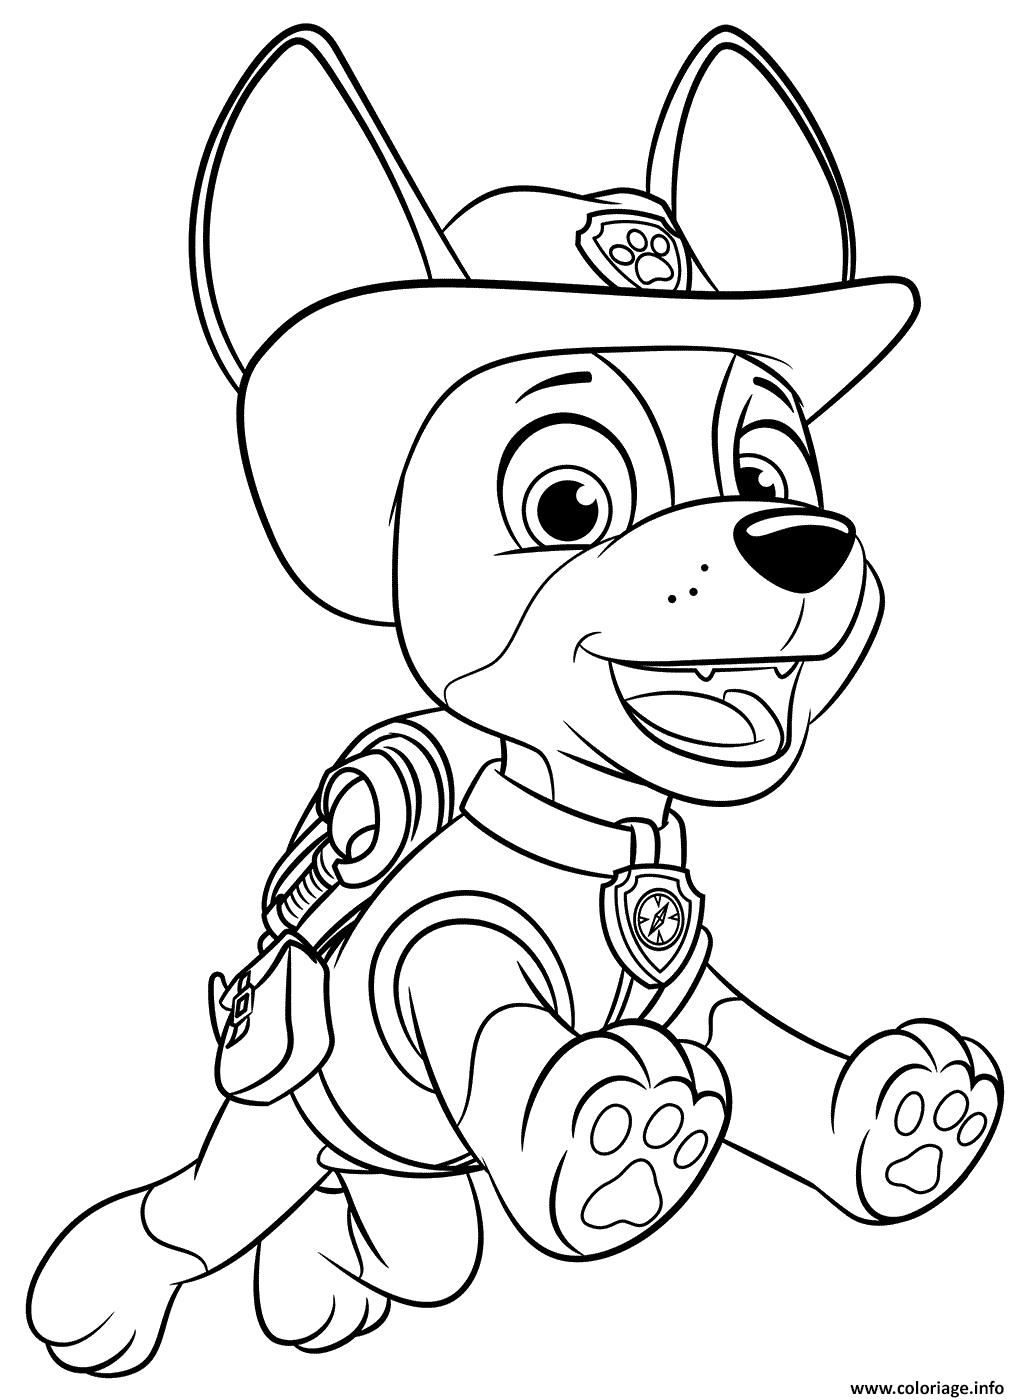 Coloriage Pat Patrouille Jungle Pup Tracker Dessin Pat ...
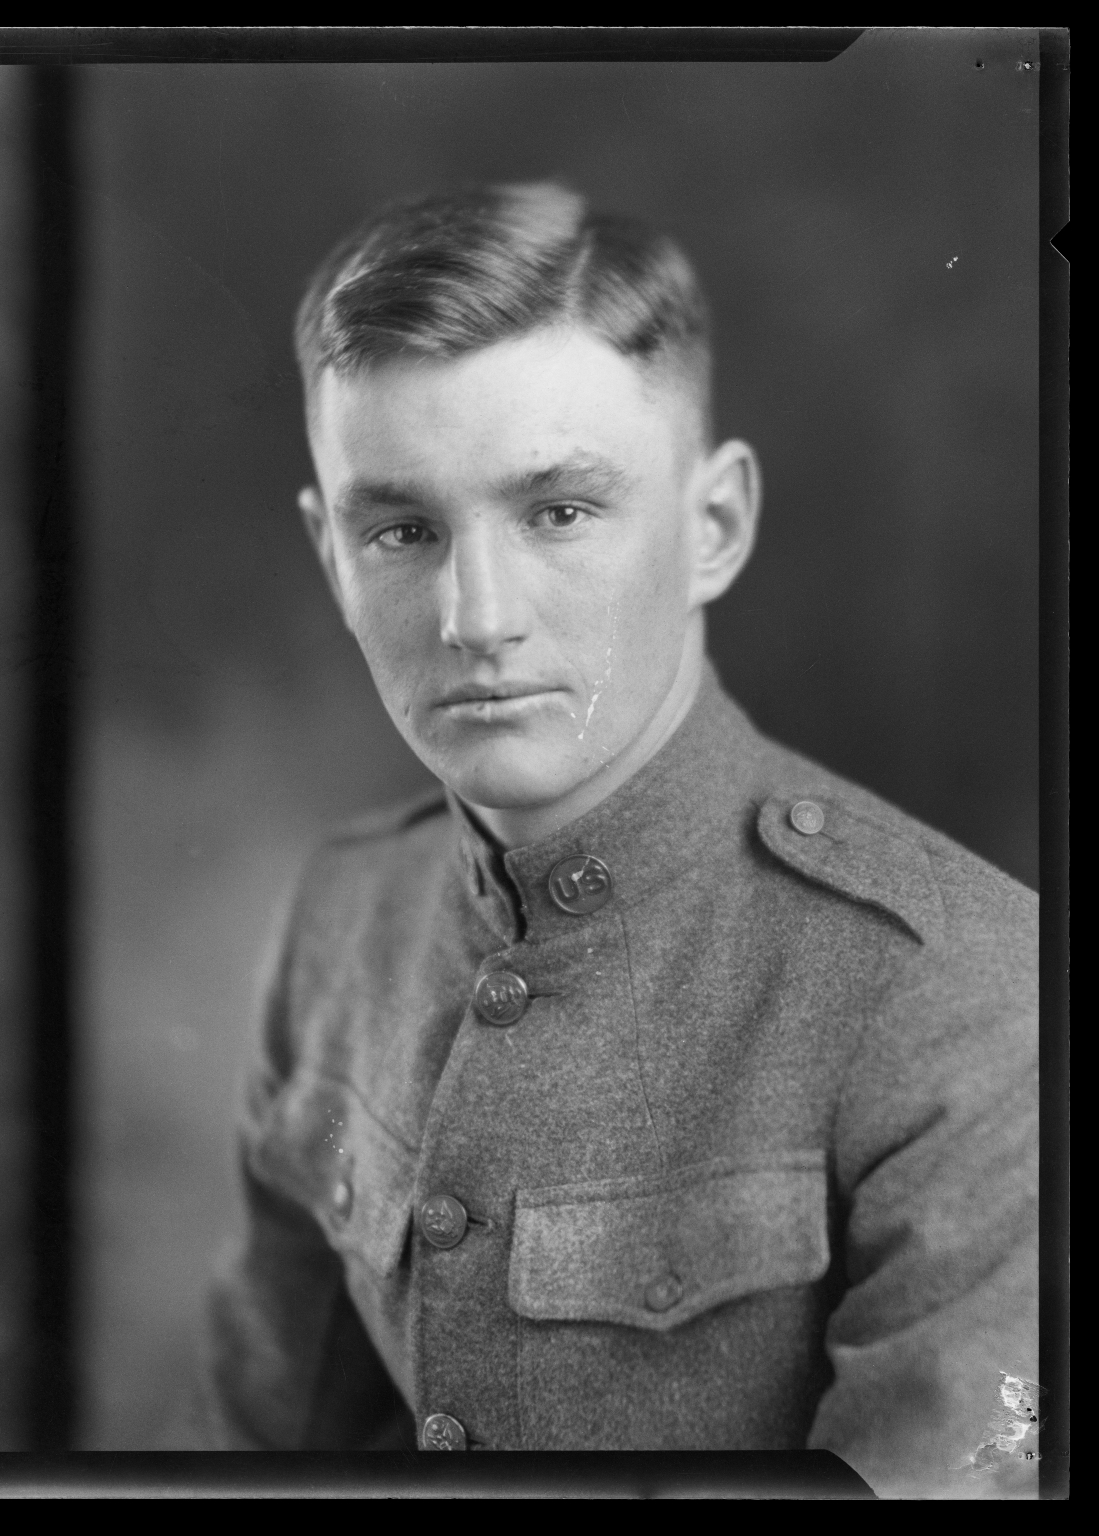 Portraits of V. G. Seavy
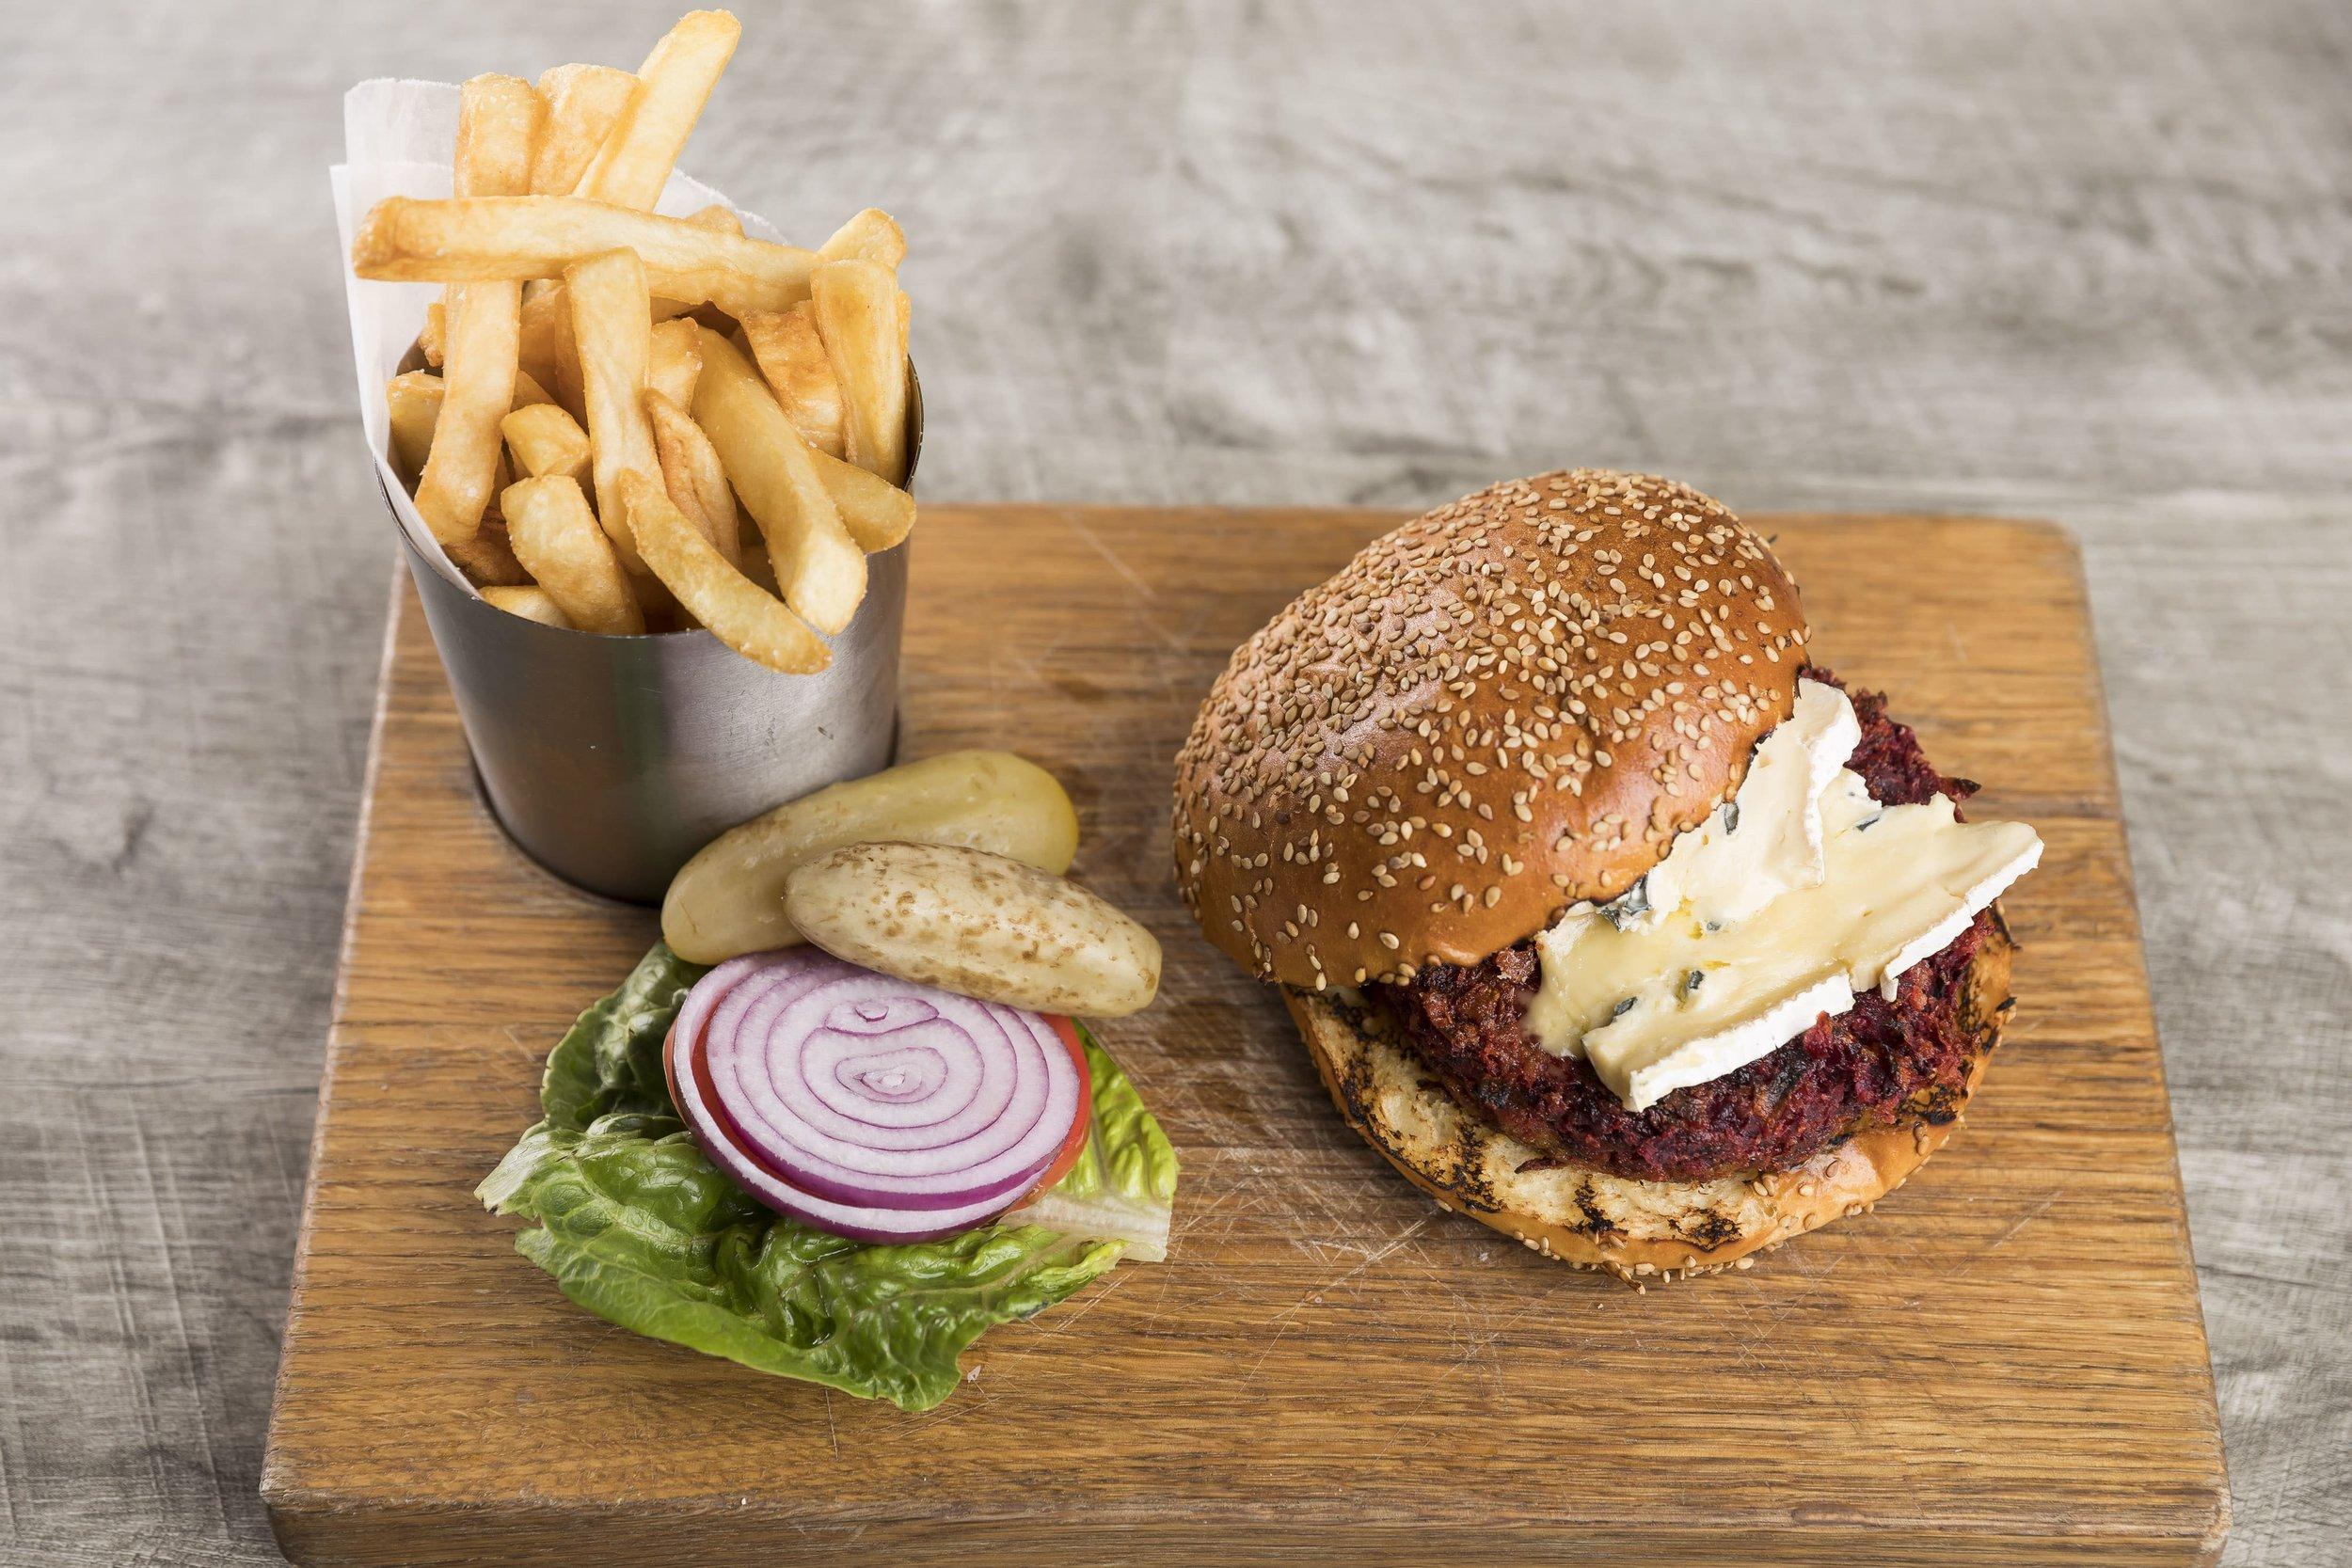 Katchkie beet burger_9.28.18_Ben Hider3.jpg

> Your goal
Reproduce, word for word, everything in the listing above except the pictures.

> Solution for this exercise
 Coloriage Pat Patrouille Jungle Pup Tracker Dessin Pat ...
 Portraits of V. G. Seavy
 Katchkie beet burger_9.28.18_Ben Hider3.jpg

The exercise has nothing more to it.